When I first discovered yoga as a teenager, I would tell my friends it was the answer for everything. Honestly – whatever problems someone came to me with, the response was the same: try yoga!

I had fallen in love with everything about the practice. The rush of feeling my Mula Bandha ignite with the breath. The bliss of flowing through vinyasa and taking flight in Crow or opening up in King Pigeon.

Most of all, I was totally addicted to the post-class yoga high.

I had never before felt such a sense of clarity. Not in prayer or goal-setting, and not in the kind of way counting reps while weightlifting made me mindless. This was a completely new sensation; one I wanted to share with the world.
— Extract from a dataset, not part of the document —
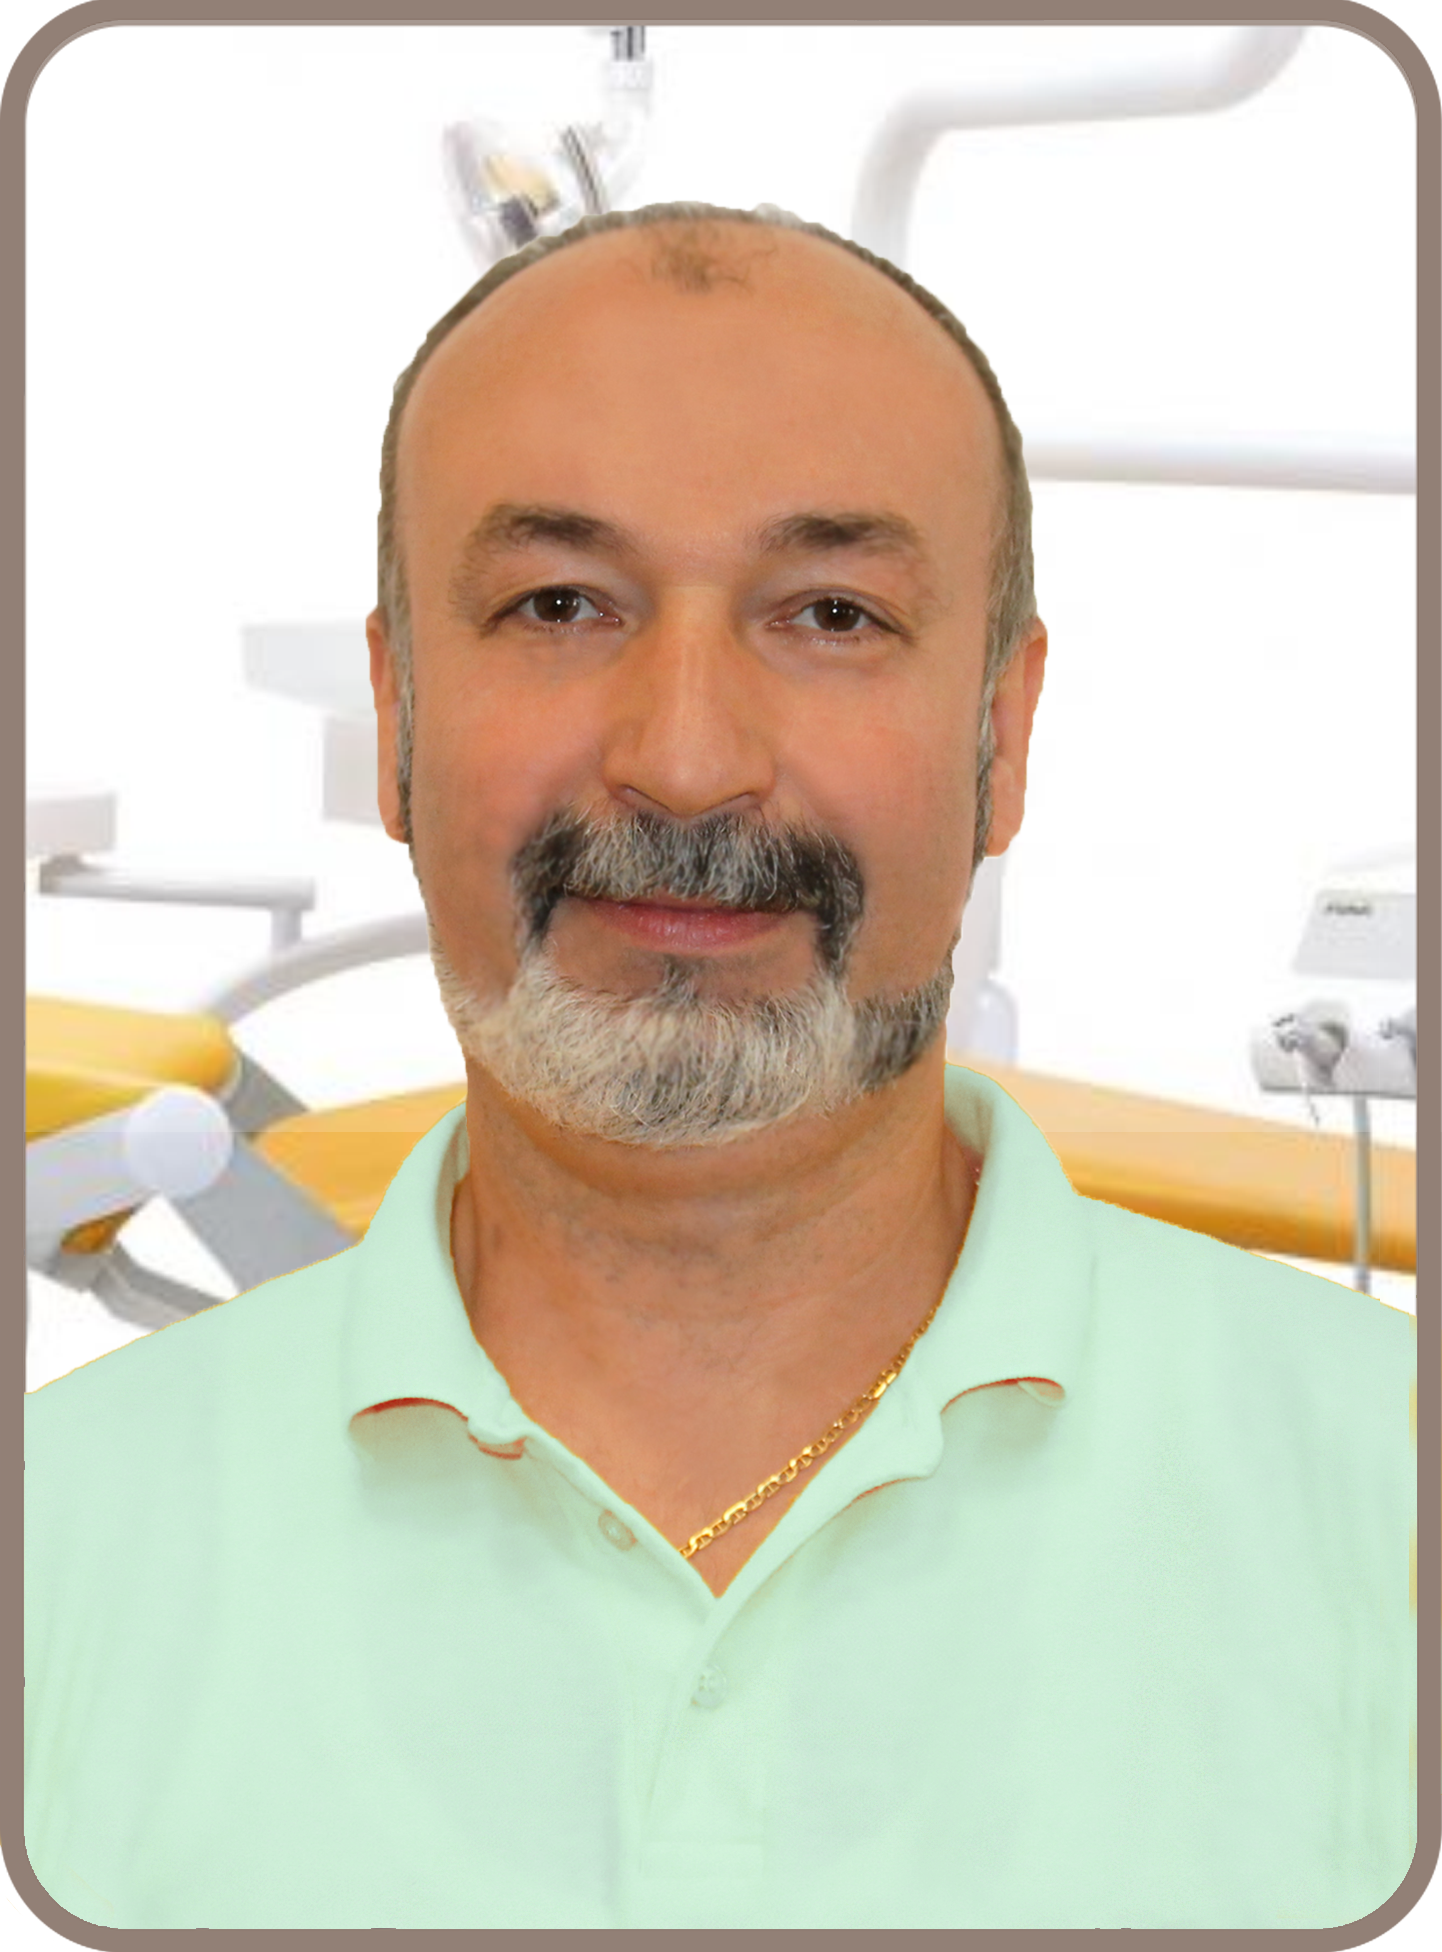 Dr. Nyorba Péter fogpótlástan és konzerváló fogászat fogszakorvos, parodontológia, implantológia, PRF membrán technikák
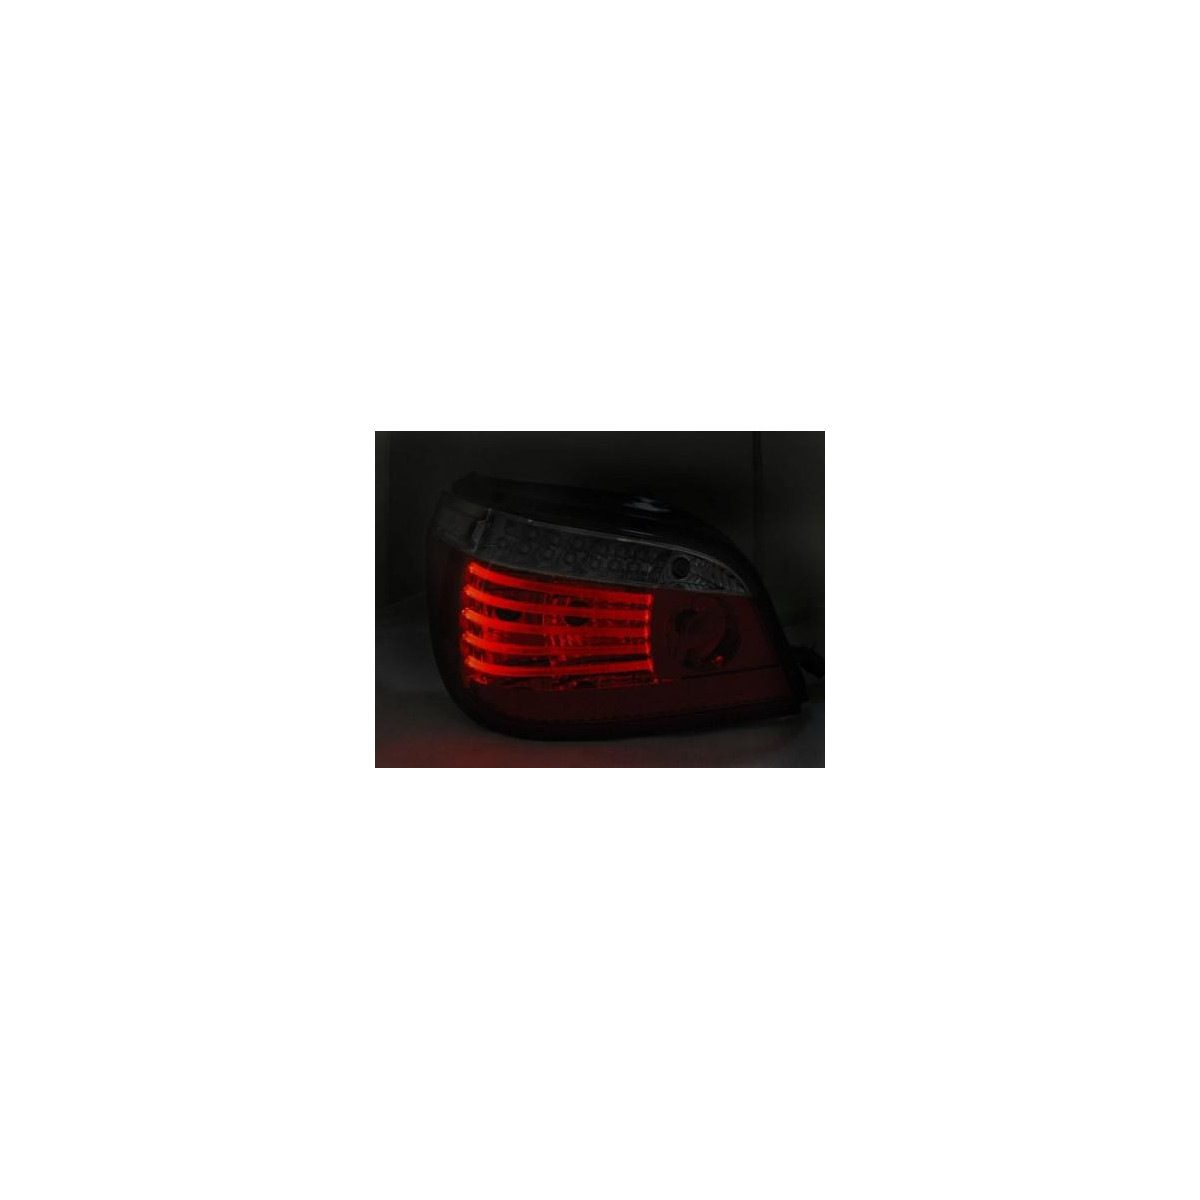 Edycja produktu "BMW E60 LCI 03.07-12.09 SMOKE LED SEQ

Five years later, I still cherish the peaceful, eye-opening journey of peeling back the layers in my mind and entering savasana every time I’m on my mat. Now, though, I appreciate yoga in a completely different way. Yoga is what got me through my depression.

But, I’ve also become significantly more aware of yoga in my daily life.

It’s not so much about the “high” anymore as it is about the process, the way it all connects.

Learn to Release

In the physical sense, yoga is all about releasing. Mentally, it is that and much more.

Yoga is a series of stretching and breathing to unwind from the stiffness we carry every day. This goes for a gentle yin sequence just as much as it does for a powerful vinyasa practice. But no matter how you’re moving on the mat, you’re letting go of the things inside your mind.

Each breath takes you deeper into your higher conscious, away from all the expectations and labels you’ve collected. After your practice, you step back into daily life with a clearer sense of what these labels really are.

You’re not defined by them anymore.

Rather, you’re consciously choosing what you want to be. This is not to be confused with conforming or living up to other people’s standards. Quite the contrary – this is a path to discover who you really are.

Yoga helps you set aside the story and tap into being. It shows you how to let go of regret, pain, anger, frustrations, and disappointment. It also makes you more aware of the way you experience happiness, what you’re clinging to, and the how you form relationships.

Put simply, the more you release, the more you actually gain.

You start to sweat the small stuff less, and appreciate life as a whole more.

Lead With the Heart

Learning to let go isn’t all sunshine and roses and yoga highs.

At first, it’s actually really hard. It’s a messy process of ending toxic relationships and bad habits, which often takes multiple attempts.

But, the silver lining is that all of these changes are radical acts of self-care. They’re born out of a higher sense of awareness, and manifest themselves in ways that make us notice what’s worth keeping around and what isn’t.

Kicking the bad out the door makes more room for the good to walk in.

It lets you lean into the life you’re meant to live a little deeper, just like your heart guides forward folds and backbends.

Discover Your Flow

There’s going through the motions, and then there’s learning to flow with them.

Sometimes, we shut down in negative situations, or become numb to the things we used to appreciate. That’s going through life without living.

Yet, when we flow, we are fully experiencing a moment for what it is. We stop wanting to change, or control, or justify, and we just are – right here, right now.

Flowing looks like choosing not to get road rage in 5:00 traffic. It looks like showing up to work with a positive attitude despite the day’s challenges. It’s as simple as smiling at strangers just because and standing up for yourself because you know your worth. Some days it’s loud and clear, other days it’s quiet and gentle.

Every day, it’s meeting life with the same grace we want to receive.

Living the Truth of Namaste

“The light in me honors the light in you.”

Yoga is the practice of finding our light, and respecting that of others.

It’s easy to feel when you’re in a room full of people flowing through the practice. The energy is electric, yet serene, as the doors to your heart swing open.

But, out in the real world – in the mess of modern America and all of its social, political, and economic strife – light can be easy to forget. It is always within you, though. The more you remind yourself of this through breath and consciousness, the more you can see it in others.

That is the true gift of this journey.